Having a single "platform" team per company is a bottleneck as soon as the number of product teams is greater than N.

> ...you'll probably start having as many approaches to your infrastructure as there are teams, complexity will explode, and implementation/verification of compliance requirements will be a chore. Just a few people responsible for handling this will yield huge benefits.

Agree with the centralization of "how infrastructure should be managed/defined". A "platform" team composed of M platform engineers (where each platform engineer works 80% of their time for a given product team) can handle such centralization.

PragmaticPulp · 3 years ago

> Having a single "platform" team per company is a bottleneck as soon as the number of product teams is greater than N.

This is my experience as well. Having a single platform team has been a great experience for laying foundations, establishing shared architectures, and centralization documentation.

As soon as two or more teams need something from the platform team, it becomes a battle of priorities. A good platform team will recognize this and work on a division of labor and coordination strategy that can start to scale. A bad platform team will treat this as an opportunity to claim the company’s wins for themselves and leverage their bottleneck position for political gain.

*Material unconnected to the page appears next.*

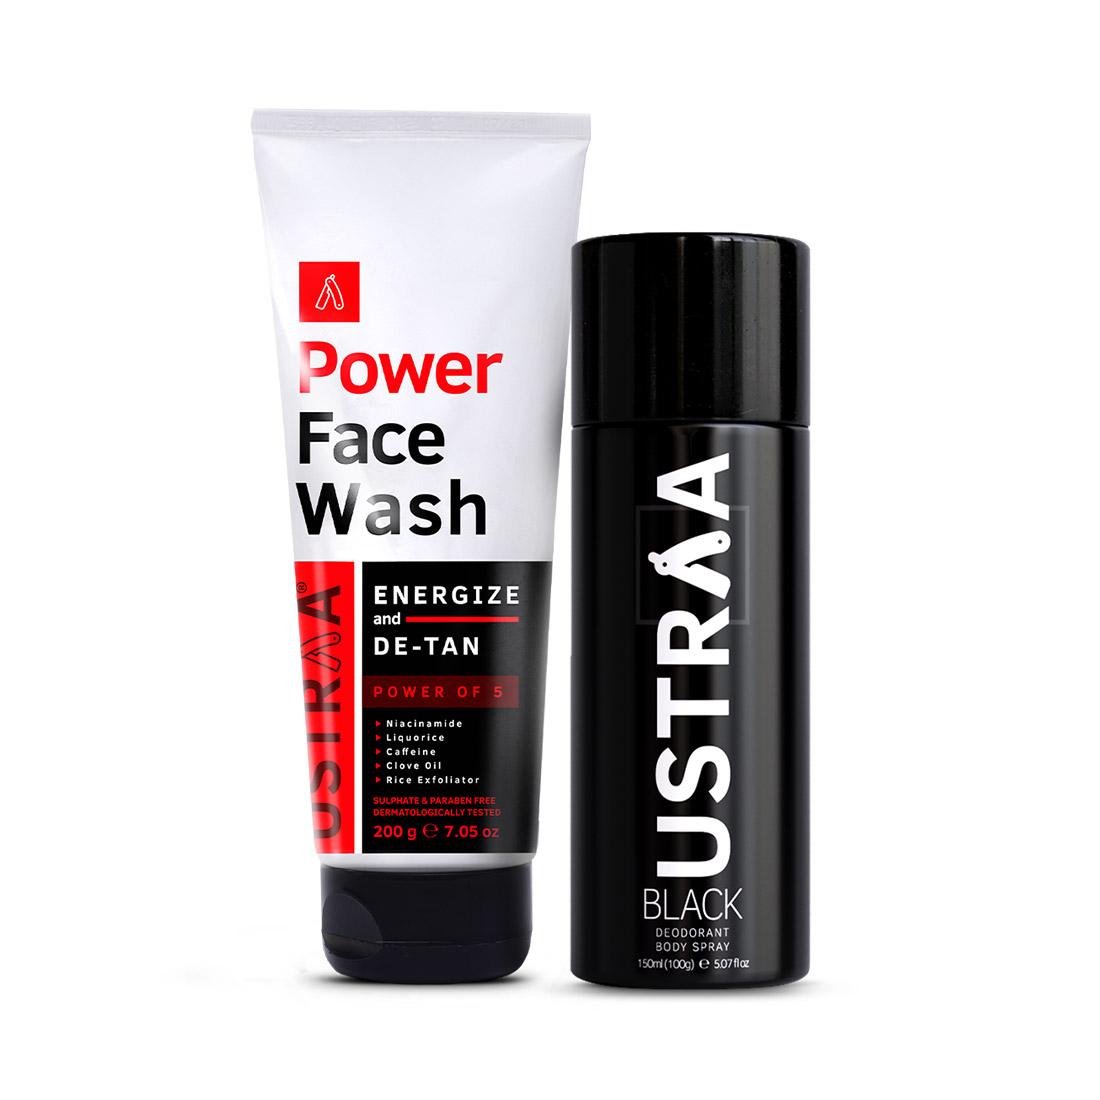 Power Face Wash Energize & BLACK Deodorant Body Spray

The company’s management of the platform team is key. I’ve also seen a single platform team abused as the engineers who are expected to own all the hard work while other teams get to walk all over them with demands. This results in a lot of employee turnover, which is the opposite of what you want on a team tasked with holding the core knowledge of the company’s infrastructure.

james_s_tayler · 3 years ago

You can have more than one platform team.

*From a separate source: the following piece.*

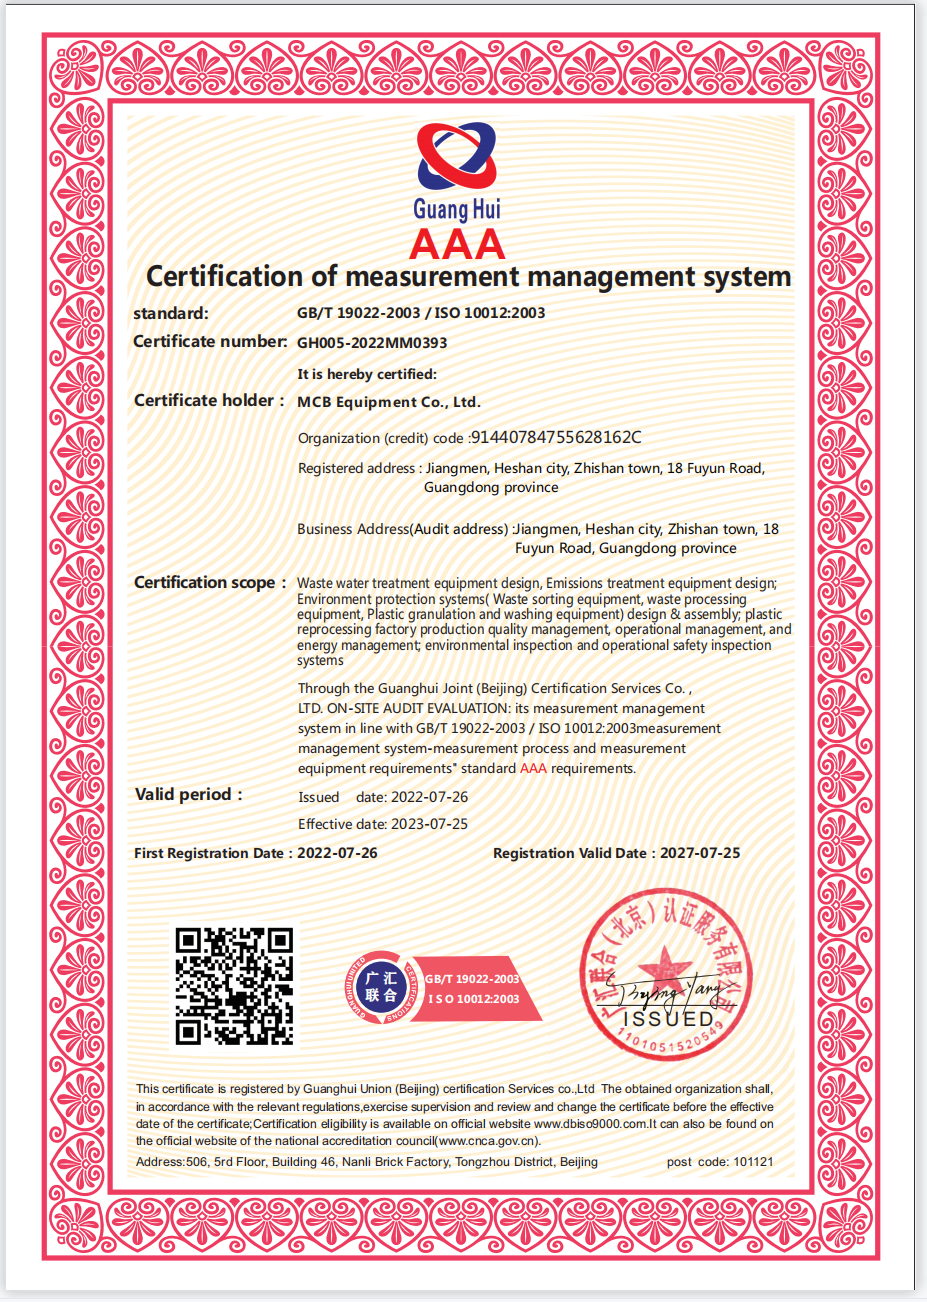 Measurement management system certification certificate

I think reality is more complicated than a one size fits all approach. It's going to be specific to your org, your project, the stage it's at etc. To add to that, the right thing to do is often in flux.

Dedicated capacity is necessary, as is embedding. Not always at the same time or in that order. That's where only the information found inside the walls of your organisation can help you decide what is necessary to solve your problem.

codeduck · 3 years ago

It also creates the unrealistic expectation that one size fits all. An architecture that works well for stateless microservices fails spectacularly when faced with monolithic session-bound legacy telecoms services.

Yet so many people insist that the one is the same as the other, when one is a duck and the other is an elephant wearing two swimming fins on its face.

bigiain · 3 years ago

> Platform Engineering teams doing the bulk of the work, including all the fundamentals, guidelines, safety railing, and conventions, while Software Engineers only use those

So, sysadmins and programmers - but with new 2020s vintage titles? (and renumeration...)

NateEag · 3 years ago

Basically, yeah, but with the difference that these sysadmins are generalizing and abstracting the patterns they've learned over years.

I personally think of "devops" not quite so much as being about "dev" and "ops" collaborating (though that is a noble and worthwhile goal) as about having "developer-operators", people who know how to do operations effectively and who can turn that knowledge into automated, generalized software systems.

The abstract modules and tools can live in their own repositories (or folders, in a monorepo), and your devoperators can work closely with the product teams to use them (and abstract specific changes to meet projects' individual needs to be more generally applicable).

mountainriver · 3 years ago

Seen this at a couple companies and it doesn’t work well. The platform team becomes a bottleneck and the devs don’t want to have to deal with or learn the mess that is terraform.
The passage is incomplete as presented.